Perché Francesco è così vicino ai migranti

Se il Papa ha fatto della difesa dei migranti una delle maggiori cause del suo pontificato è perché ne porta nei geni il destino. La storia è nota, ma nella sua autobiografia François ritorna diffusamente sull’avventura che condusse i suoi nonni italiani dalla campagna piemontese a Buenos Aires nel 1929. Erano scampati per un pelo al naufragio della nave sulla quale dovevano imbarcarsi… i nonni e il loro unico figlio, Mario, il giovane che sarebbe diventato mio padre, avevano acquistato i biglietti per questa lunga traversata, e la loro nave, LA Mafaldadoveva lasciare il porto di Genova l’11 ottobre 1927 per Buenos Aires, dice François. Ma non erano a bordo. Nonostante i loro migliori sforzi, non erano riusciti a vendere tutto ciò che possedevano. Alla fine, con riluttanza, i Bergoglio dovettero cambiare i biglietti e ritardare la partenza per l’Argentina.
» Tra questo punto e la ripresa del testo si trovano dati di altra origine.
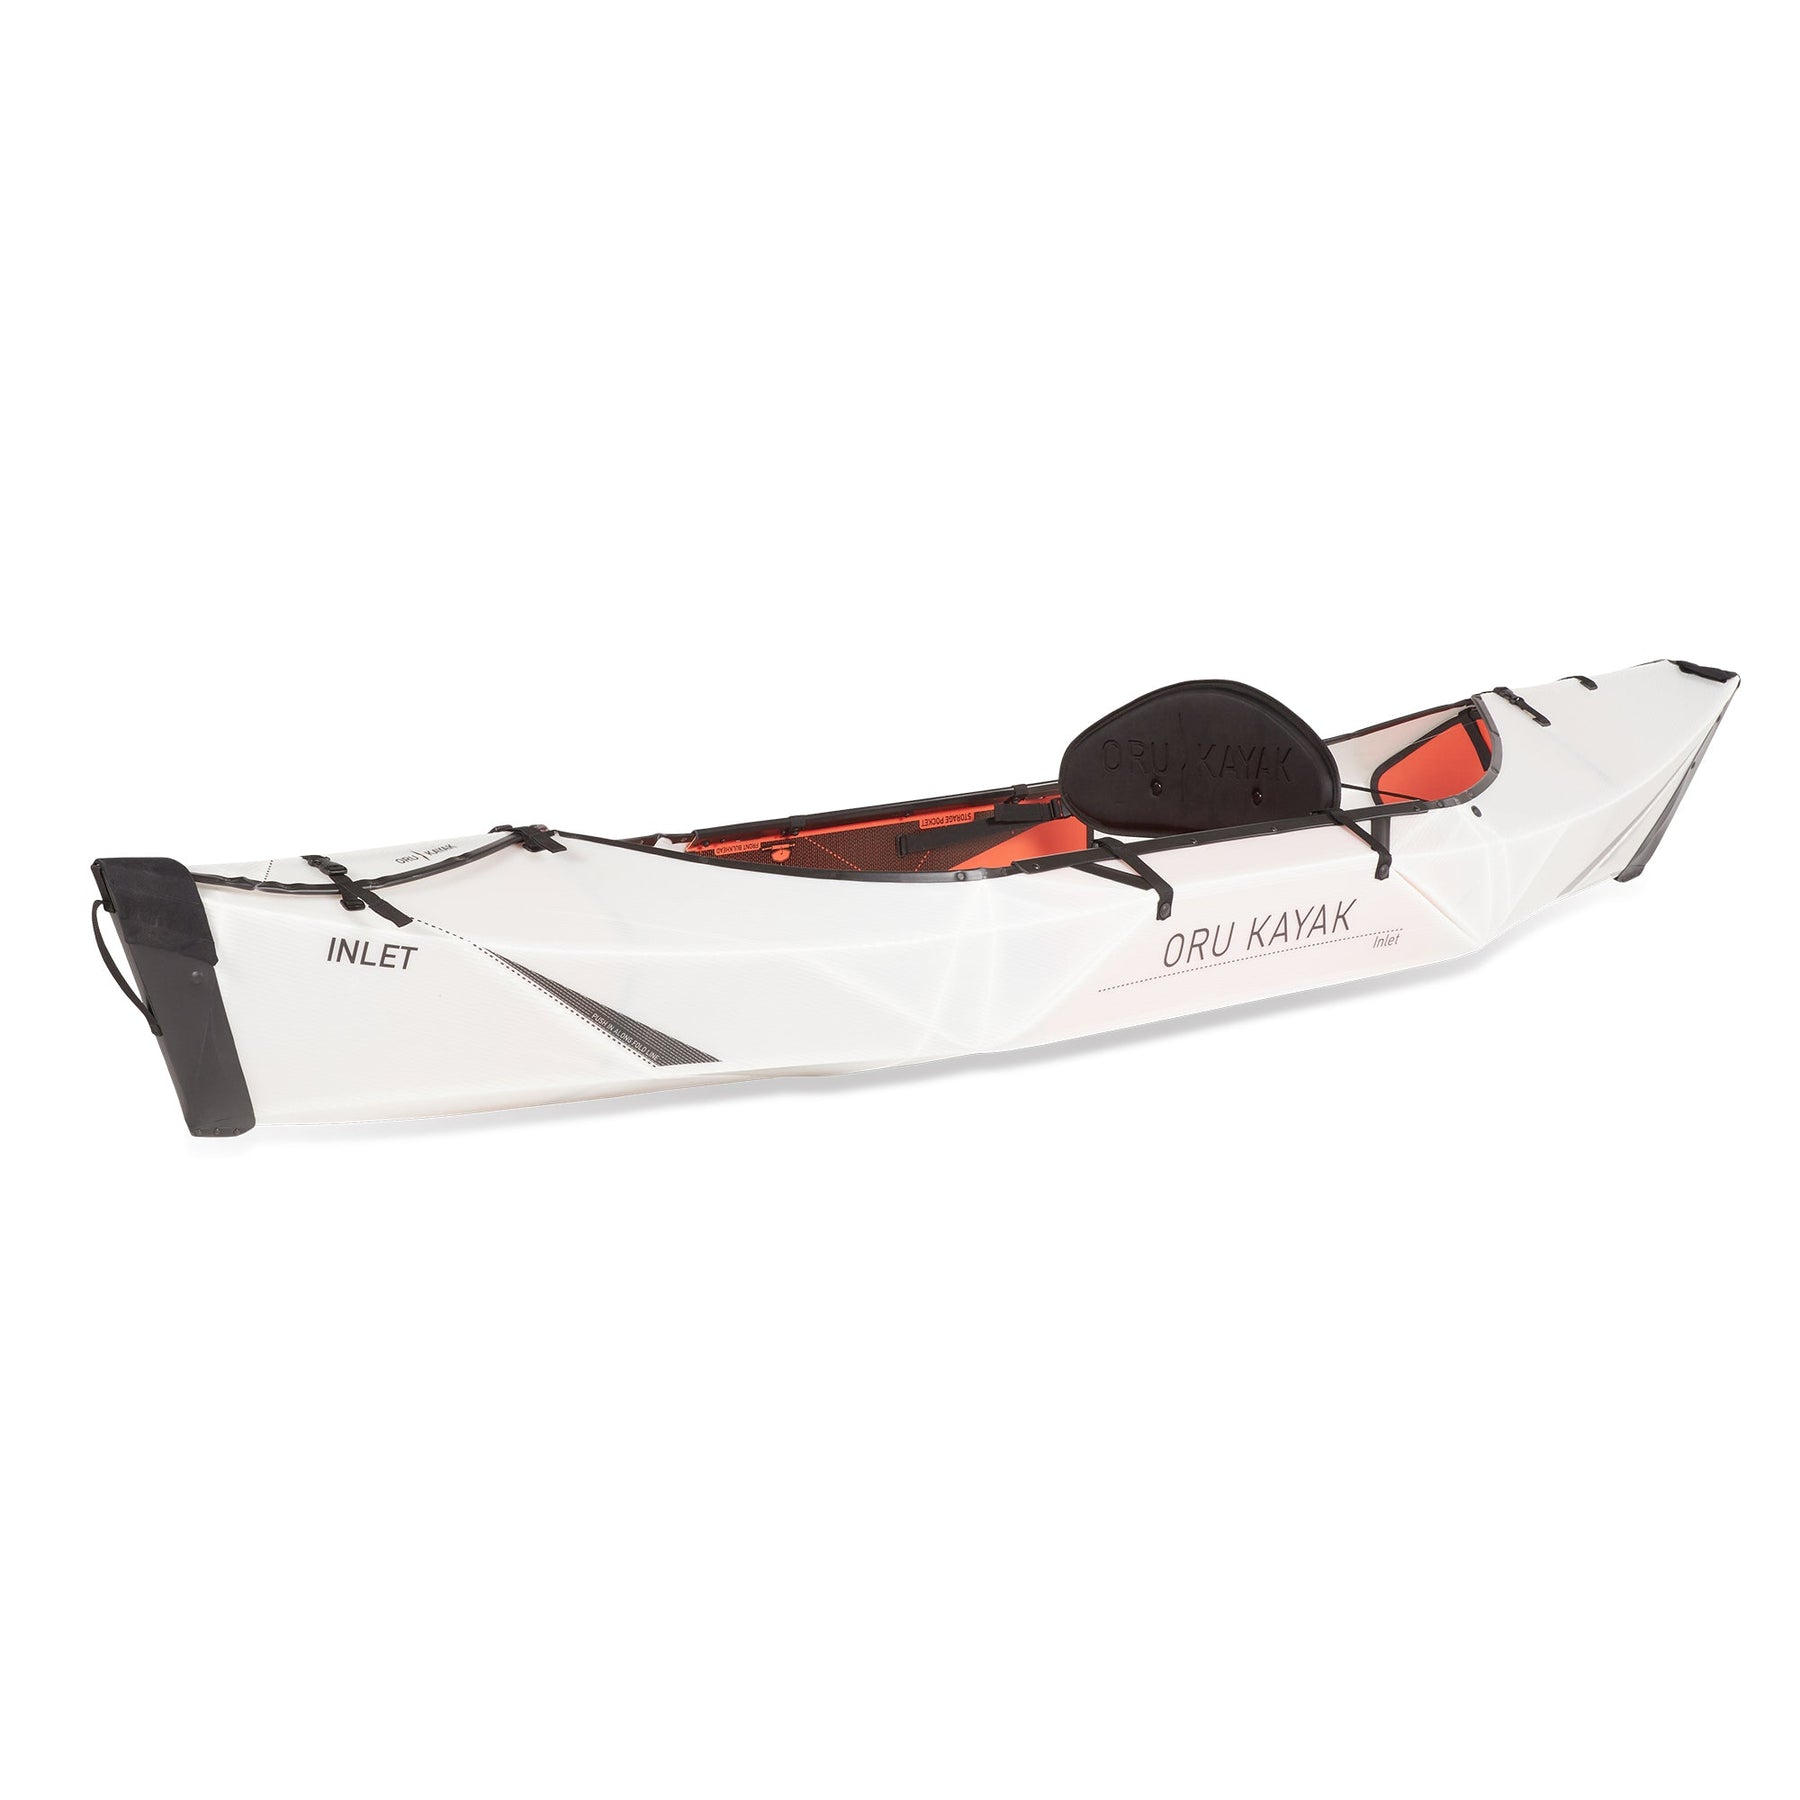 Inlet Kayak

Questo è il motivo per cui sono qui oggi. »

Il calcio, una scuola di vita

Tutti sanno che il Papa ama il calcio e segue da vicino il campionato. Si descrive come un giocatore scadente, un “pata dura” come dice divertente – “il che significa che avevo due piedi sinistri”, sottolinea. Ma è stato giocando che, in un certo senso, ha imparato la lezione. “Ho fatto il portiere per la maggior parte del tempo, ma anche quello è un bel lavoro: ti abitua a guardare in faccia la realtà, ad affrontare i problemi; Non sempre sappiamo esattamente da dove viene la palla, ma dobbiamo comunque provare a prenderla. Come nella vita.” Lo sport, come scuola, “un’ottima occasione per imparare a dare il meglio di sé, anche a sacrificarsi, e soprattutto a non farlo da soli”.
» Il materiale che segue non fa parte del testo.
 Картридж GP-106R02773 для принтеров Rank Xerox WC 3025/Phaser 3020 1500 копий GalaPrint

Per una Chiesa inclusiva… ma non troppo

Questo Papa dell’apertura ricorda il suo credo in questa materia. Innanzitutto, durante il suo pontificato, è lui che ha promosso diverse donne a posti di responsabilità – anche se c’è ancora molto da fare… “La Chiesa è una donna, non è un uomo, dice François. Noi clero siamo uomini, ma non siamo la Chiesa. » E il papa ha affermato, riguardo alla Chiesa: «Uno dei peccati più grandi che abbiamo commesso è stato quello di “mascolinizzarla”. » Il papa intende «promuovere sotto tutti i punti di vista la presenza di laici e religiosi nel processo di formazione di nuovi sacerdoti», e desidera tenere allo studio «la questione dell’accesso delle donne al ministero diaconale», ma precisando che ciò richiede “grande discernimento”.
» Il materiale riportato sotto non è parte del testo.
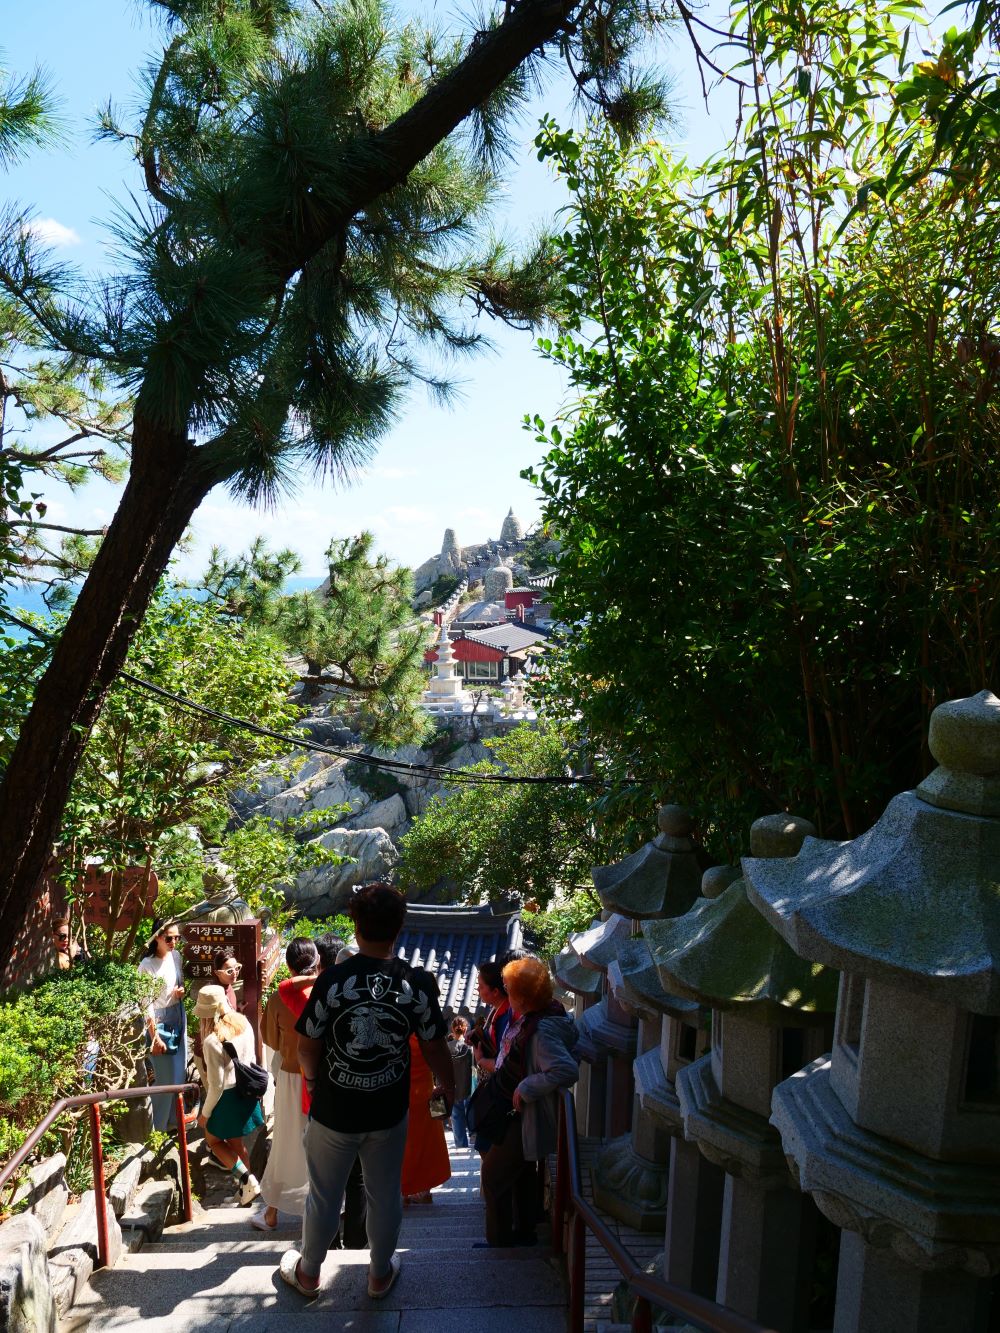 A főkapu után egy meredek, 108 fokos lépcsősor kezdődik, amit itt-ott Buddha szobrok öveznek

LEGGI ANCHE In Corsica, papa Francesco fa vibrare la terra della “pietà popolare”In ogni caso non c’è alcuna apertura all’ipotesi dell’ordinazione sacerdotale delle donne, né al celibato dei chierici. Ritorna sulla dichiarazione dei supplicans di Fiducia sulle “benedizioni alle coppie irregolari” per (ri)chiarire: “Noi benediciamo le persone, non le relazioni”. Sottolineando con enfasi: «Tutti sono invitati alla Chiesa, anche i divorziati, le persone omosessuali, le persone transgender». Si scaglia contro “gli oltre sessanta Paesi nel mondo che criminalizzano omosessuali e transessuali”: “L’omosessualità non è un crimine, è un fatto umano”. Ma denuncia con parole forti la teoria del genere: “Ogni colonizzazione ideologica è estremamente pericolosa”. E GPA: “Uomini e donne non sono parti di un ingranaggio meccanico, né sono una semplice somma di esigenze o desideri, senza coscienza e senza volontà. »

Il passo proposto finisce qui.